Het verzet draait om het princiepsakkoord dat het Duitse EU-voorzitterschap vorige week met het Europees Parlement bereikte over de meerjarenbegroting. Die voorziet vanaf 2021 tot en met 2027 zo’n 1.100 miljard euro aan uitgaven. Het coronaherstelfonds van 750 miljoen euro keert – vanaf het tweede kwartaal van volgend jaar – dan weer subsidies uit aan de lidstaten om de coronaklap te boven te komen.
Alles samen gaat het dus om meer dan 1.800 miljard euro die de EU de komende jaren wil investeren om de economie erbovenop te helpen. Polen en Hongarije blokkeren de goedkeuring van het budgettaire pakket uit onvrede over een mechanisme dat de fondsen koppelt aan het respect voor de rechtsstaat. Nochtans krijgt Hongarije 6,25 miljard euro uit het herstelfonds, Polen vangst zelfs 23 miljard euro.
Unanieme goedkeuring
De veto’s zullen tot ongenoegen leiden bij Zuid-Europese landen, zoals Spanje en Italië, die hard getroffen zijn door corona en het geld goed kunnen gebruiken. ‘Ik dring er bij de lidstaten op aan om politieke verantwoordelijkheid te nemen. Dit gaat niet over ideologieën, maar over hulp voor burgers in de ernstigste crisis sinds WOII’, zo tweette een ‘ontgoocheld’ eurocommissaris voor Begroting Johannes Hahn.

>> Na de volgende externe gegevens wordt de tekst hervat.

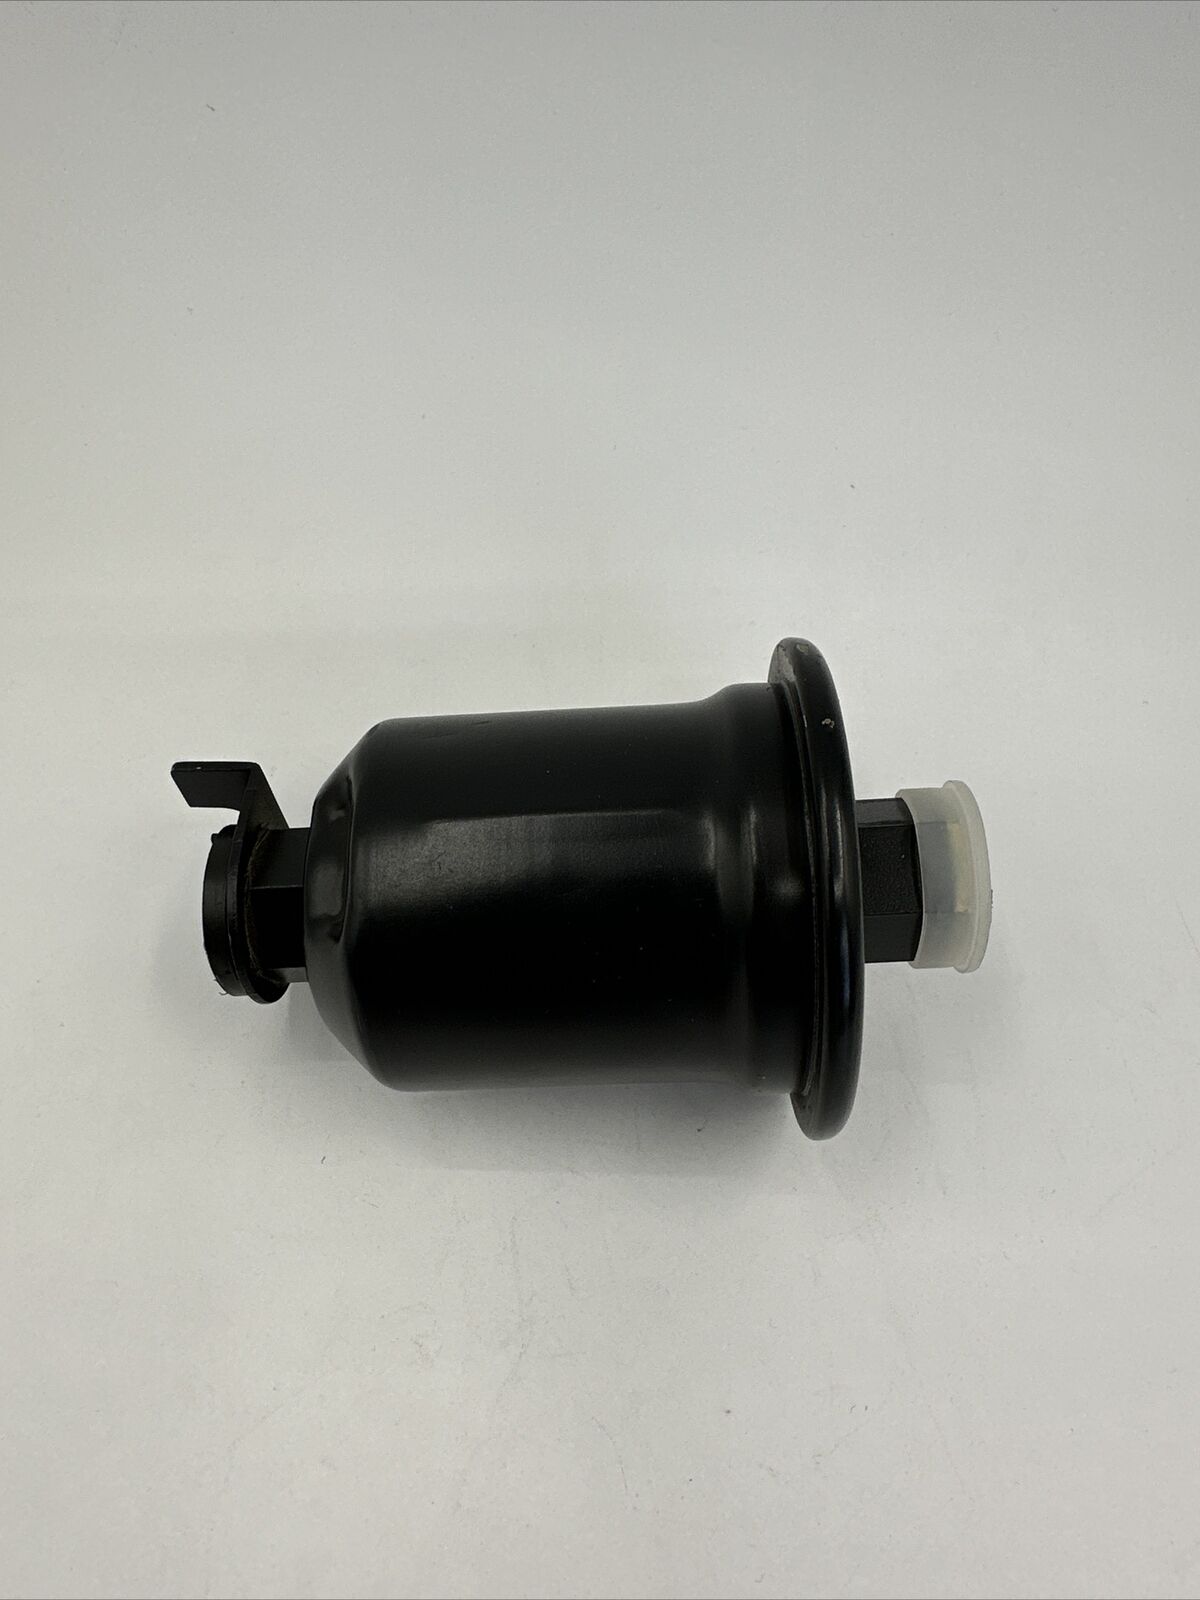 NOS Wix 33561 Fuel Filter Fits TOYOTA CELICA 1994-1999, Free Shipping!

Het is niet meteen duidelijk hoe het nu verder moet. De begroting heeft een unanieme goedkeuring nodig van elke lidstaat, net als de opstart van het fonds. Volgens diplomaten zullen de Duitse bondskanselier Angela Merkel, Europees Raadsvoorzitter Charles Michel en Europees Commissievoorzitter Ursula von der Leyen zich moeten beraden over de volgende stappen.